Harper expands his palette here. The inclusion of the Vauld Symphony Orchestra, named after his Herefordshire farm, adds a grand, almost pastoral scale, but the album never settles into comfort. Instead, it moves restlessly between intimacy and sprawl, between traditional forms and something more idiosyncratic.
‘Naked Flame’ gestures towards folk tradition, drawing from ‘Lady Franklin’s Lament’, yet Harper reshapes it into something distinctly his own. It feels less like revivalism and more like reinterpretation, a reminder that his relationship with folk music has always been fluid rather than fixed.
The centrepiece, however, is ‘One of Those Days in England (Parts 2–10)’. At nineteen minutes, it is less a song than a journey.
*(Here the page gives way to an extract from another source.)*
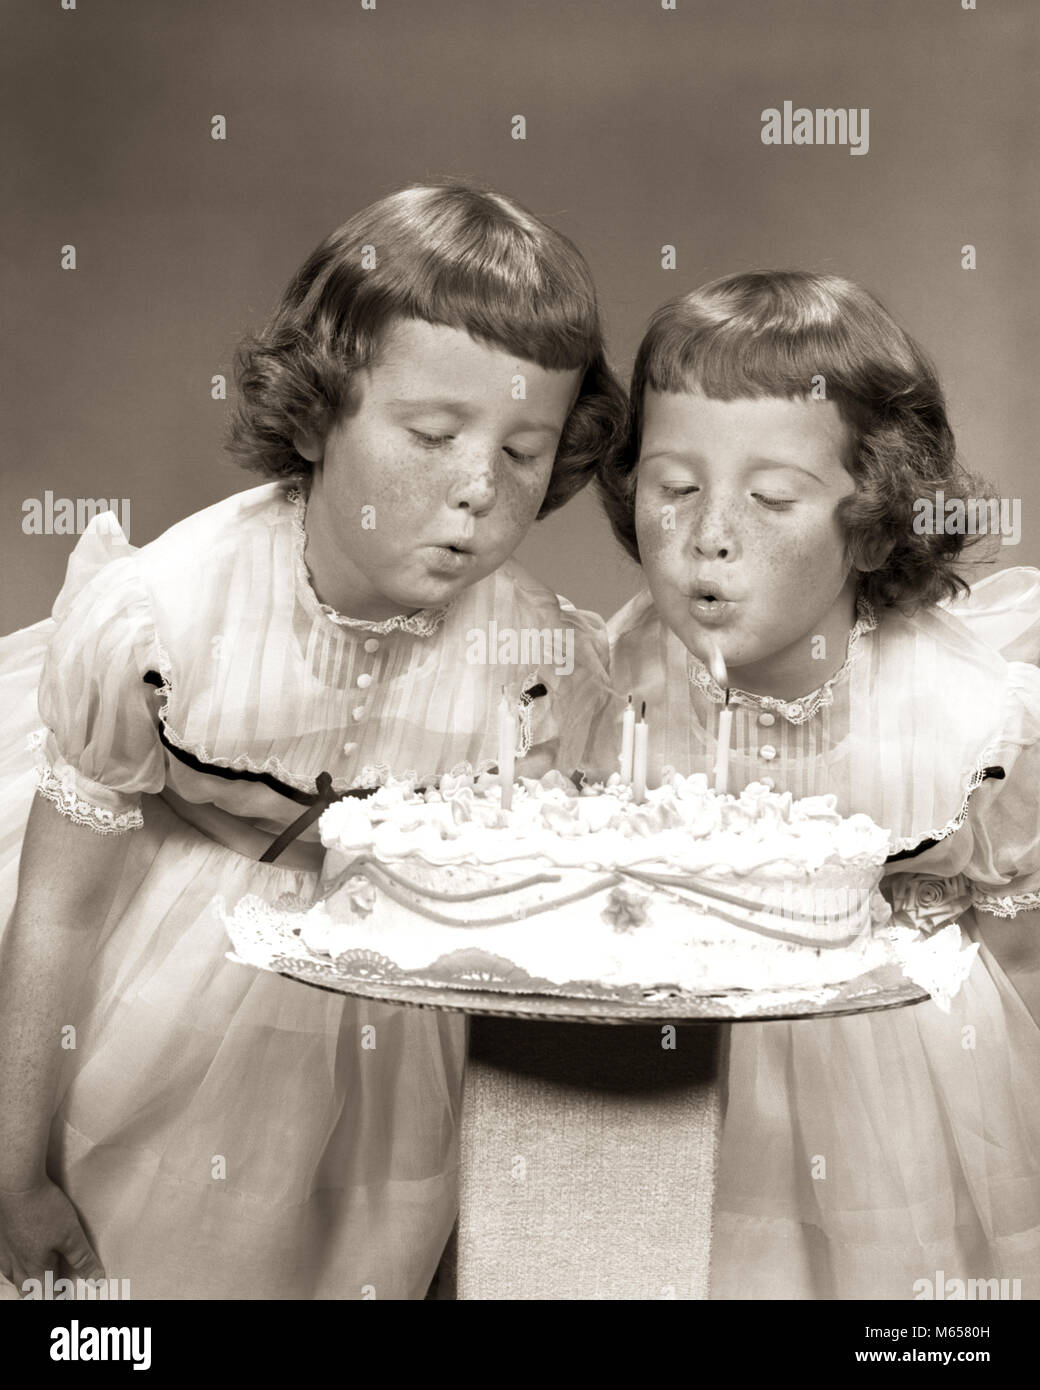 1950s TWIN GIRLS FRECKLES BLOWING OUT CANDLES BIRTHDAY CAKE - j2296 HAR001 HARS INDOORS FRECKLES SIBLINGS SISTERS WISHING NOSTALGIA TOGETHERNESS 3-4 YEARS MATCHING SAME 5-6 YEARS NOURISH GROWTH SIBLING CONNECTION COOPERATION NOURISHMENT WISH LOOK-ALIKE DRESS ALIKE DUPLICATE JUVENILES LOOK ALIKE B&W BANGS BLACK AND WHITE CAUCASIAN ETHNICITY CLONE FRECKLE-FACED IDENTITY OLD FASHIONED Stock Photo

Structured in movements, it drifts between personal memory and cultural commentary, pulling in references that range from myth to modernity. The Alfred Jewel sits alongside Captain Kirk, Avalon alongside the dole queue. It should feel chaotic, yet Harper holds it together through sheer force of vision. The result is dense, sprawling and oddly hypnotic.
Even the album’s history carries its own mythology. ‘Watford Gap’, a biting critique of motorway culture and mediocrity, was removed from early pressings under pressure, replaced with the more subdued ‘Breakfast With You’. Its eventual restoration only reinforces the sense that Bullinamingvase was never meant to be entirely contained.
What makes the album compelling is its unpredictability. Harper refuses to smooth out the edges. He leans into contradiction, allowing humour, frustration and reflection to coexist without resolution. It is messy in places, but deliberately so.
If Stormcock felt like a carefully constructed statement, Bullinamingvase feels more like a provocation. It is Harper testing the limits of his own form, seeing how much he can stretch before it fractures.
And yet, it never quite breaks.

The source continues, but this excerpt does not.